Previously, I use to work for a small internet company that sells dental plans online. Our primary focus concerning disaster prevention and recovery is on our corporate website and private intranet site. We had a multiphase disaster recovery plan that includes data redundancy, load balancing, and off-site monitoring.
Data redundancy is a key aspect of our disaster recovery plan. The first phase of this is to replicate our data to multiple database servers and schedule daily backups of the databases that are stored off site. The next phase is the file replication of data amongst our web servers that are also backed up daily by our collocation. In addition to the files located on the server, files are also stored locally on development machines, and again backed up using version control software.
Load balancing is another key aspect of our disaster recovery plan. Load balancing offers many benefits for our system, better performance, load distribution and increased availability. With our servers behind a load balancer our system has the ability to accept multiple requests simultaneously because the load is split between multiple servers. Plus if one server is slow or experiencing a failure the traffic is diverted amongst the other servers connected to the load balancer allowing the server to get back online.

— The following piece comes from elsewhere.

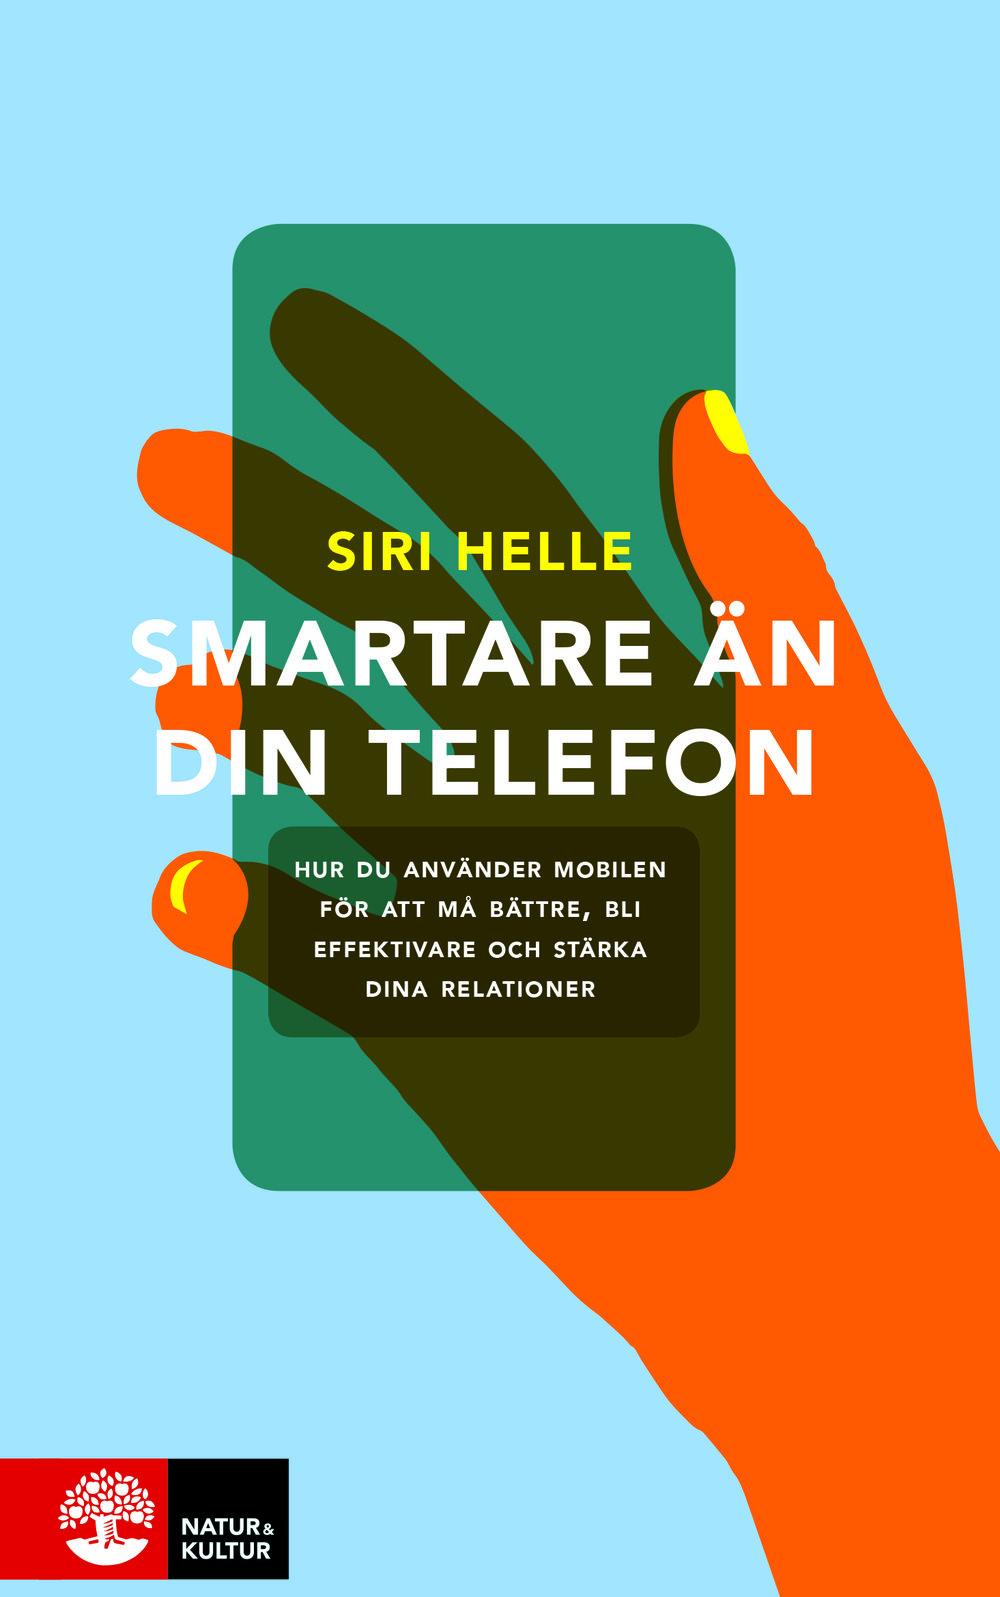 O_smartare an din telefon.jpg

The final key to our disaster recovery plan is off-site monitoring that notifies all IT staff of any outages or errors on the main website encountered by the monitor. Messages are sent by email, voicemail, and SMS.
According to Disasterrecovery.org, disaster recovery planning is the way companies successfully manage crises with minimal cost and effort and maximum speed compared to others that are forced to make decision out of desperation when disasters occur.
In addition Sun Guard stated in 2009 that the first step in disaster recovery planning is to analyze company risks and factor in fixed costs for things like hardware, software, staffing and utilities, as well as indirect costs, such as floor space, power protection, physical and information security, and management. Also availability requirements need to be determined per application and system as well as the strategies for recovery.